De 1995 a 2015 produzimos mais de R$ 1 Trilhão de Superávit Primário, ou seja, gastamos bem menos do que arrecadamos. Apesar dessa economia imensa de mais de R$ 1 Trilhão, a dívida interna aumentou de R$ 86 bilhões para quase R$ 4 trilhões no mesmo período, e seguiu crescendo, principalmente devido aos mecanismos de política monetária do Banco Central, responsáveis por déficit nominal das contas públicas.

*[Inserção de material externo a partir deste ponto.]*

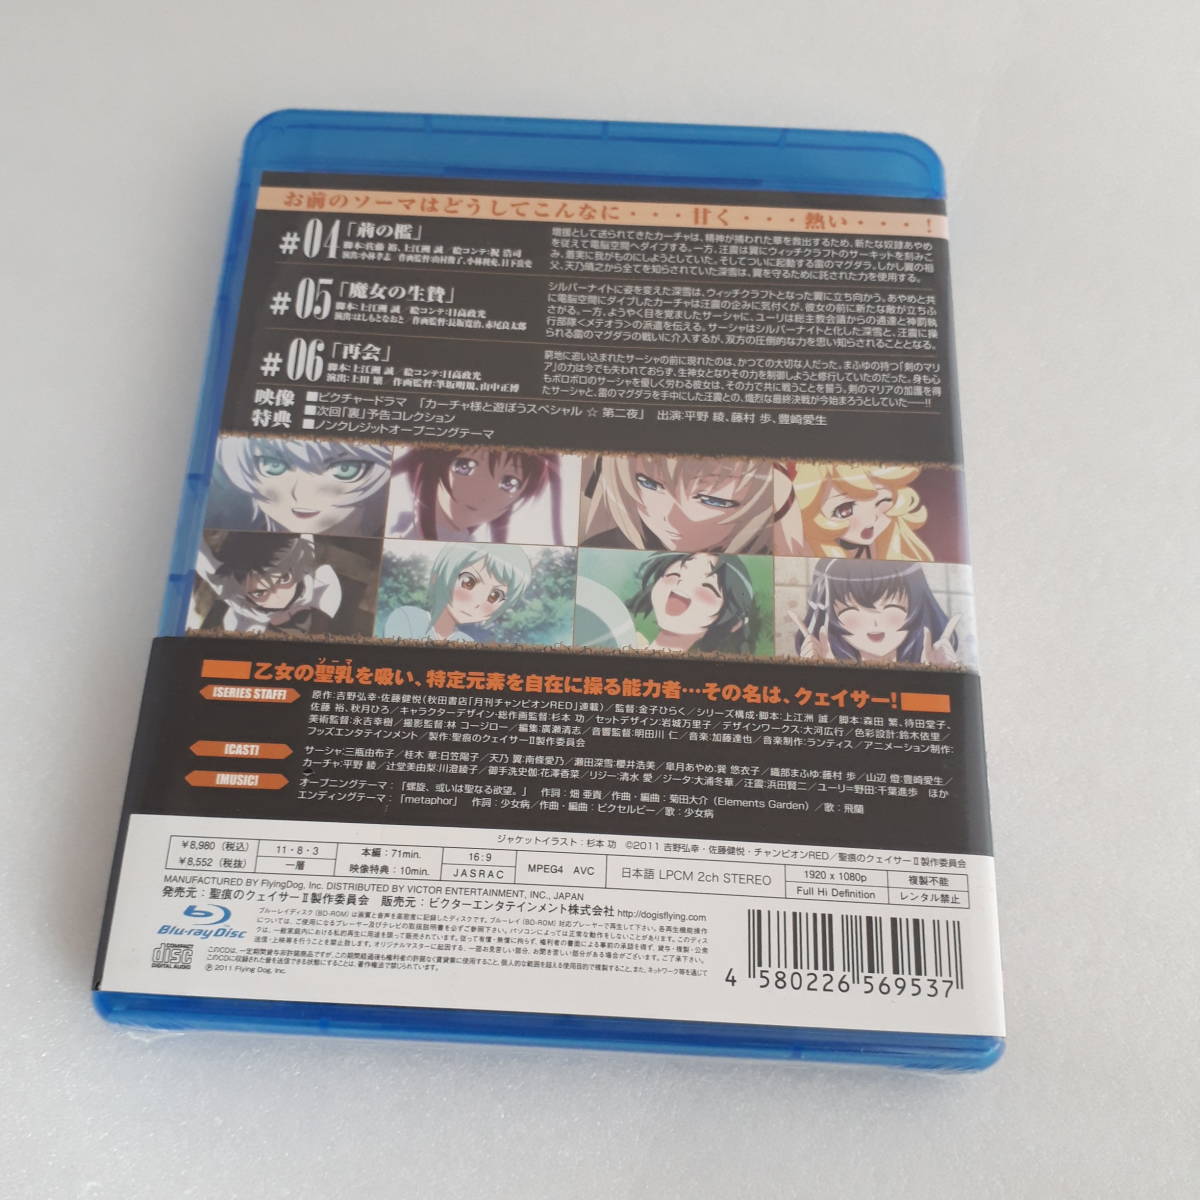 未開封 Blu-ray 聖痕のクェイサー Ⅱ ディレクターズカット版 Vol.1 Vol.2 第1巻 第2巻 セット 初回特典 マウスパッド ドラマCD付

MECANISMOS ARDILOSOS – São inúmeros os mecanismos que fazem o estoque da dívida aumentar, porém o dinheiro não chega aos cofres públicos, cabendo ressaltar as diversas transformações de dívidas privadas (até de bancos) em dívida pública; as conversões de dívida externa prescrita em dívida interna, e a inconstitucional contabilização de juros como se fosse amortização.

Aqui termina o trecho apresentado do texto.